Rasional teori pilihan mengarahkan perhatian pada kalkulus pelaku tentang biaya
dan manfaat dari perilaku ilegal versus legal. Diasumsikan bahwa setiap orang,
termasuk pelaku kerah putih, termotivasi untuk bertindak sesuai dengan apa yang
mereka anggap sebagai kepentingan terbaik mereka.Meskipun teori kontrol tidak
mengandaikan bahwa segala jenis motivasi khusus terlibat dalam kejahatan kerah
putih, mereka, bagaimanapun, menarik perhatian dengan situasi pribadi pelaku
atau susunan psikologisnya.Ikatan sosial yang lemah dari pelaku atau kurangnya
pengendalian dirilah yang menyebabkan menyinggung. Teori terintegrasi
menggabungkan fitur dari teori yang berbeda tetapi dengan tujuan keseluruhan
yang sama untuk menjelaskan mengapa orang melanggar hukum. Jadi, dalam
semua teori ini, fokusnya sangat kuat pada pelaku dan faktor-faktor yang
mendorong atau menarik mereka ke arah pelanggaran.
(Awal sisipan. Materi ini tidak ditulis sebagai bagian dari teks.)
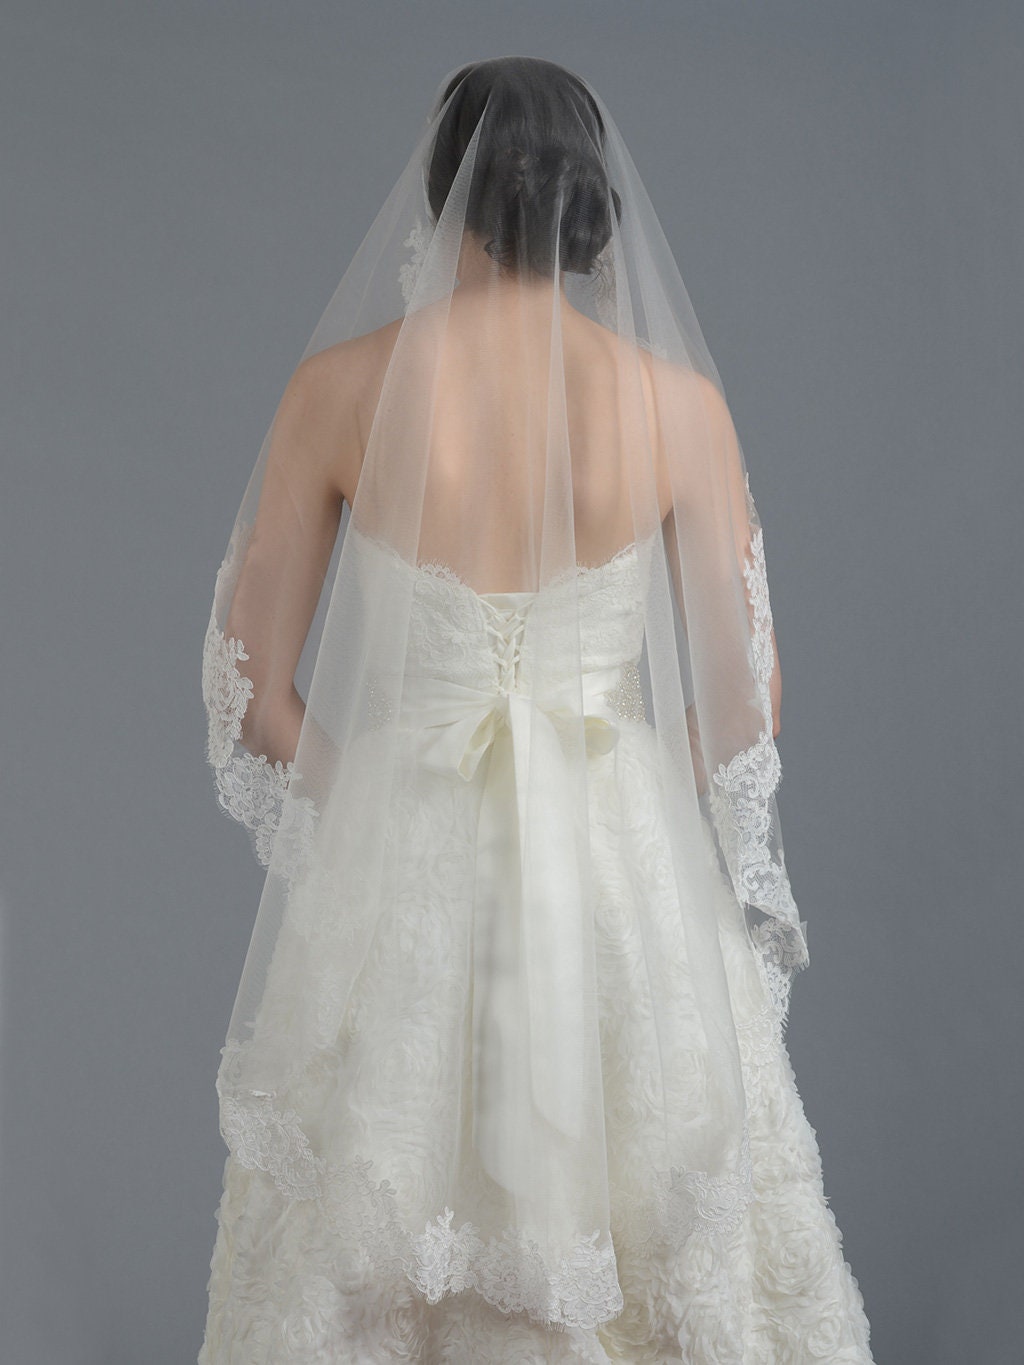 wedding veil, bridal veil, mantilla veil, fingertip length veil, alencon lace veil, wedding veil ivory, wedding veil elbow

Berfokus pada pelanggar, tentu saja, sangat tepat. Memang, itu telah
menjadi praktik standar sepanjang sejarah kriminologi. Kita perlu memahami apa
yang menyebabkan beberapa orang melanggar hukum sementara lain sesuai
dengan tuntutannya. Namun, motivasi atau pribadi karakteristik itu sendiri tidak
menjelaskan mengapa pelanggar melanggar hukum pada suatu waktu tetapi tidak
pada waktu lain, atau di suatu tempat tetapi tidak pada tempat lain. Di dalam
dengan kata lain, motivasi dan karakteristik pribadi pelaku tidak dapat
menjelaskan mengapa mereka melakukan kejahatan tertentu pada waktu tertentu
dan tempat. Ada faktor lain yang ikut bermain, dan faktor itu adalah ada atau tidak
adanya peluang kriminal.
Tanpa semacam peluang kriminal, bahkan yang paling biasa kriminal
karir tidak dapat melakukan kejahatan. Perampok bank tidak bisa merampok bank
jika tidak ada bank yang tersedia, dan penggelapan bank tidak dapat
menggelapkan jika mereka tidak memiliki pekerjaan di bank. Bank memberikan
peluang untuk keduanya perampok bank dan penggelapan bank. Dengan
demikian, untuk memahami kejahatan diperlukan analisis dari kedua pelaku dan
peluang mereka. Di bab berikutnya, kami mengambil topik peluang kriminal
kerah putih.
Tentu saja, kami bukan orang pertama yang menyadari bahwa peluang
memainkan peran peran dalam pelanggaran kerah putih. Semua pendekatan
teoretis yang kami telah dibahas dalam bab ini memiliki sesuatu untuk dikatakan
tentang peluang,tetapi pendekatan terhadap peluang lebih luas dan kurang
terfokus daripada yang dianjurkan di sini. Misalnya, Coleman secara eksplisit
memasukkan peluang ke dalam teorinya tetapi, baginya, peluang adalah
ditemukan dalam struktur kapitalisme dan tidak begitu banyak dalam detail
karakteristik industri dan pekerjaan.